I was getting everything ready to start a compost pile for my garden when it struck me how similar composting is to solving our personal mysteries. Rarely is an ah-ha moment not proceeded by copious amounts of reflection. This time spent in the in-between is the time we tend to our internal compost pile, made up of diverse information, endless ideas, and the garbage we pick up as we go through life’s complexities. Add to this the thoughts we have, emotions we feel, insights, daydreams, hopes, and fantasies that fill in the hours of our days and we have quite a mixture on our hands that needs time to mature into something life giving. All of this material sits inside, some conscious, some unconscious, simmering and brewing, until it eventually turns into valuable insights that lead to new ways of being.
Just like the compost pile for our garden we have to keep at the internal heap as well, stirring up long forgotten thoughts and ideas so they can get some air up on the surface again.
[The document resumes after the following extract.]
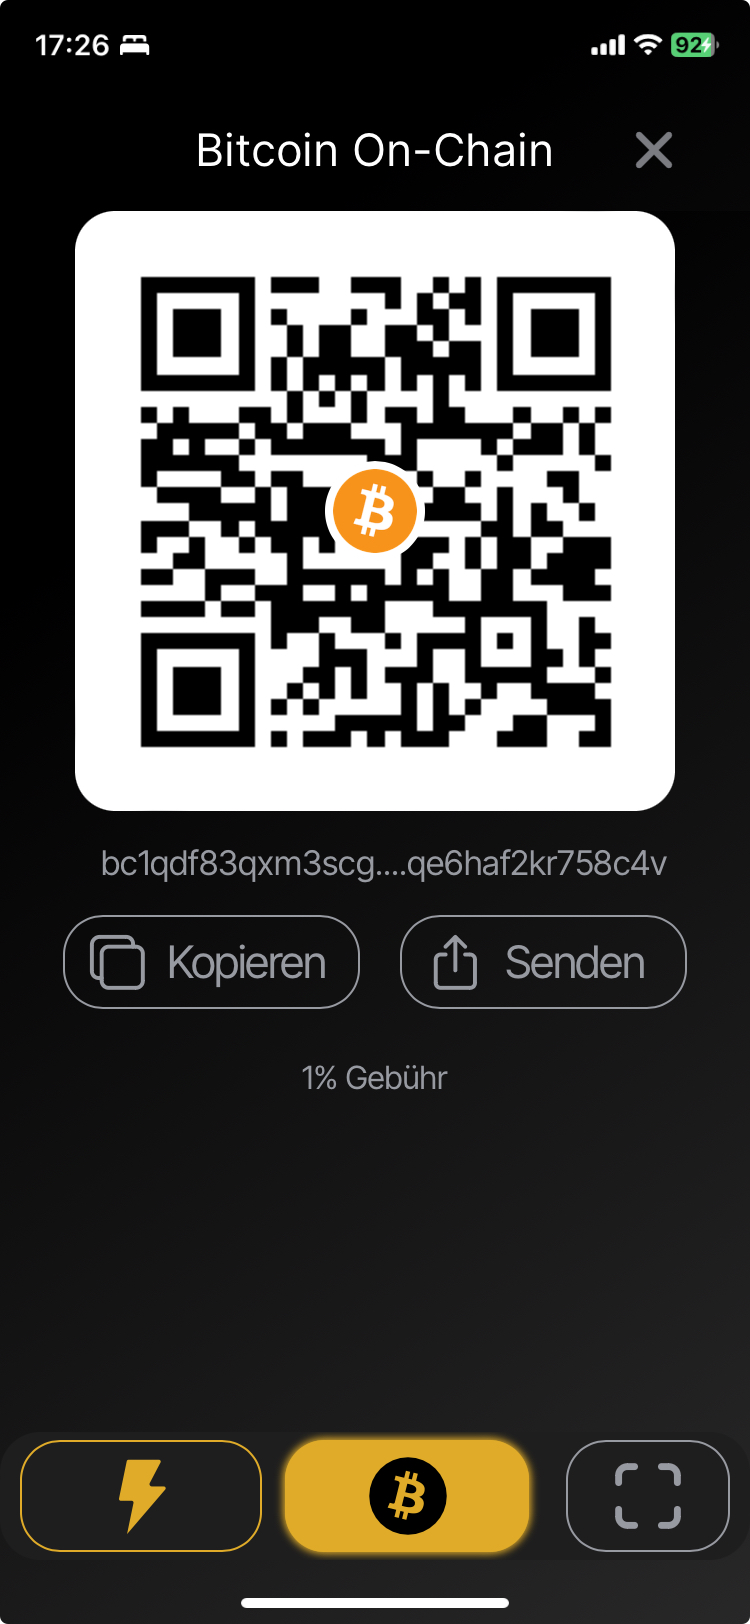 Bitcoin zahlungen erhalten
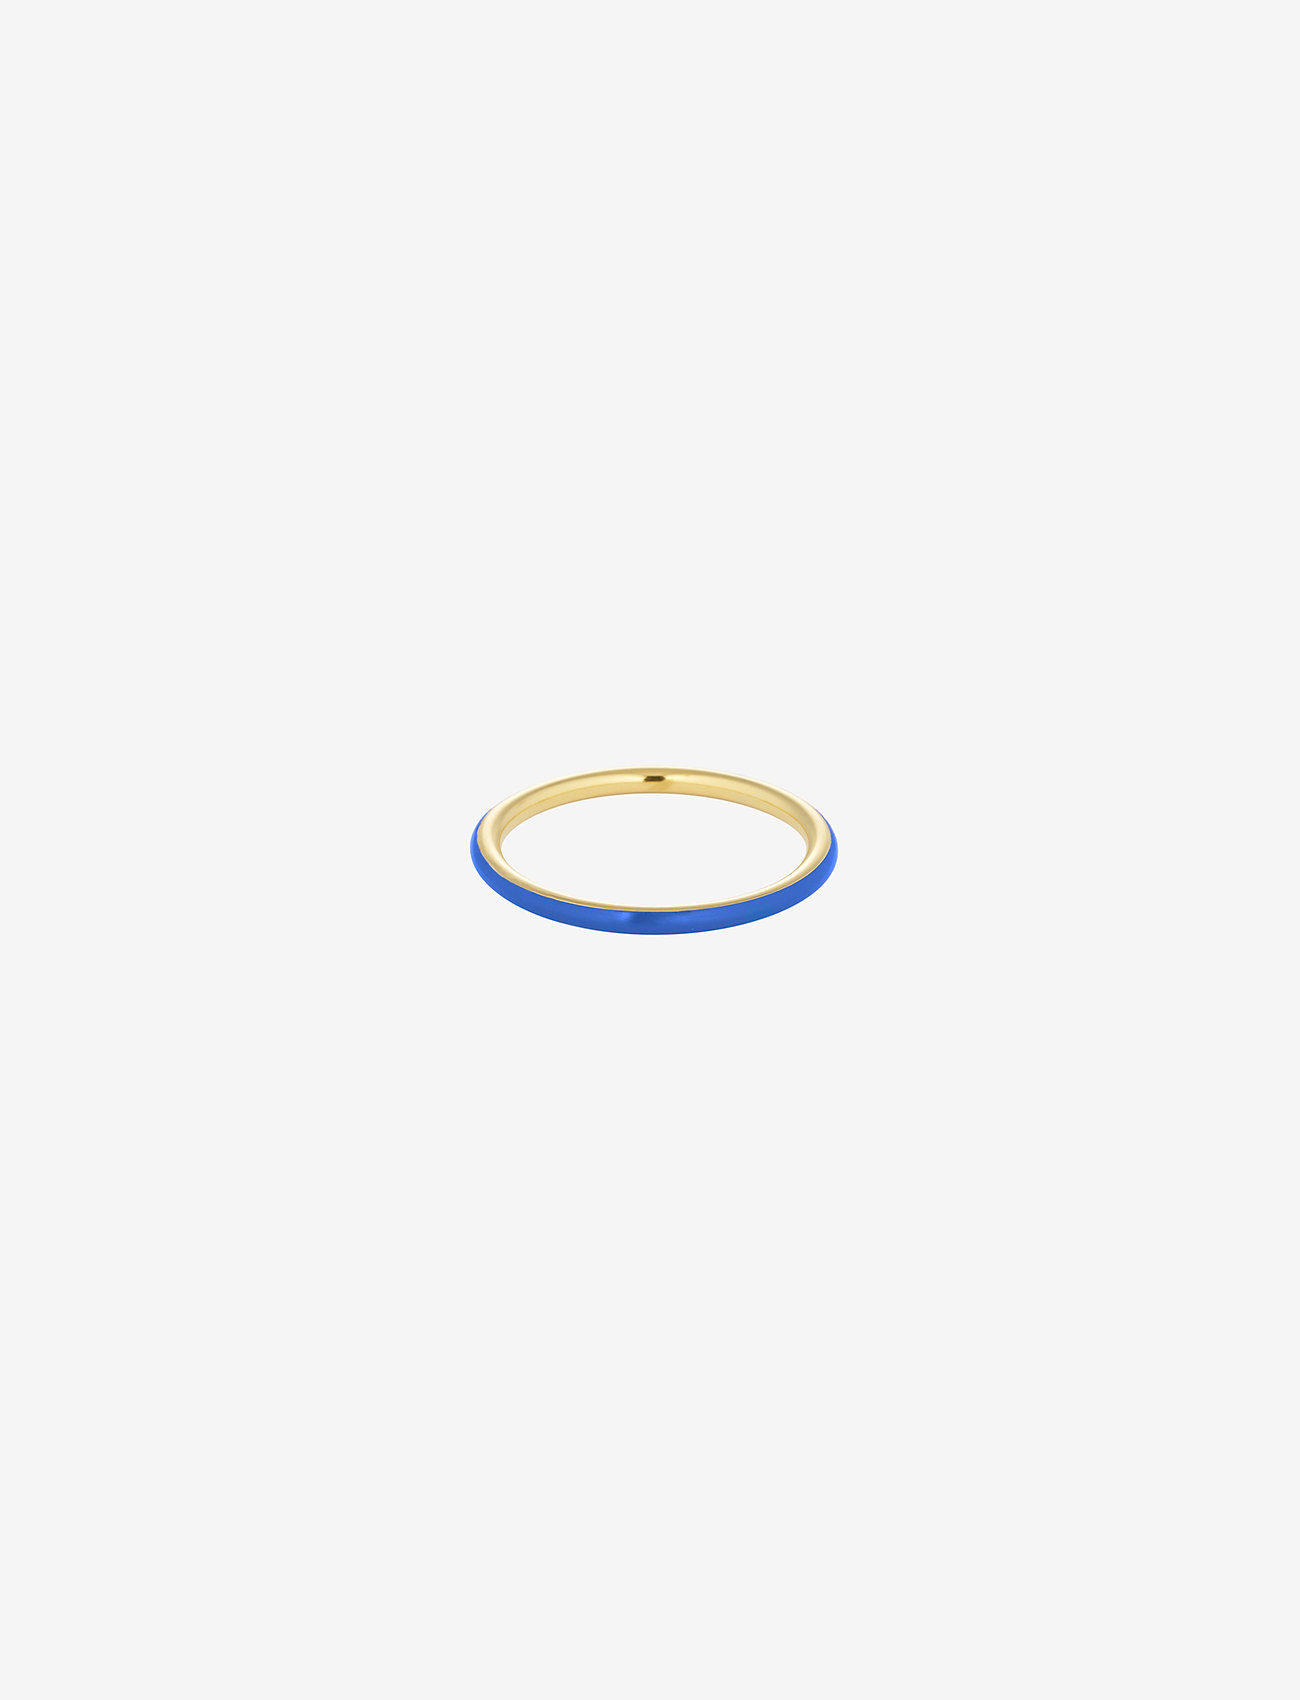 Design Letters - Classic Stack Ring - odzież imprezowa w cenach outletowych - cobalt blue 2728c - 0

Then we can see these old ideas in a new light, let insights and ideas layer, and make unexpected connections until it all blends into a fertile foundation. This new material feeds the rest of our lives and gives birth to the unexpected, to the things we couldn’t have imagined before, and leads us to new paths. Everything we come into contact with is composted and recycled into something more useful for our lives.
And then there are all those who’ve come before. People who’ve mined the depths and come up with absolute gems. They are like the starter for our compost pile. It’s part of the reason I love reading other people’s words, at times they help me find the thread of my own voice. Heraclitus, Lao Tzu, Hildegard of Bingen, Gandhi, Anais Nin, Martin Luther King, Carl Jung, Marion Woodman, and the list goes on. We don’t have to reinvent the wheel, we can let what others have learned give us a head start to finding our own truths. We find the people who speak our internal language, see what resonates, and begin from there. All of that goes on our internal compost pile too.
By blending together all of these insights coming at us from every direction and letting them distill into something deeper how can we go wrong? When we combine our authentic questioning with the heavyweights of the past we create the most beautiful garden of the mind that can’t help but nurture and enrich us, and in turn everyone we come into contact with.
So welcome spring, start composting, we have lots to grow.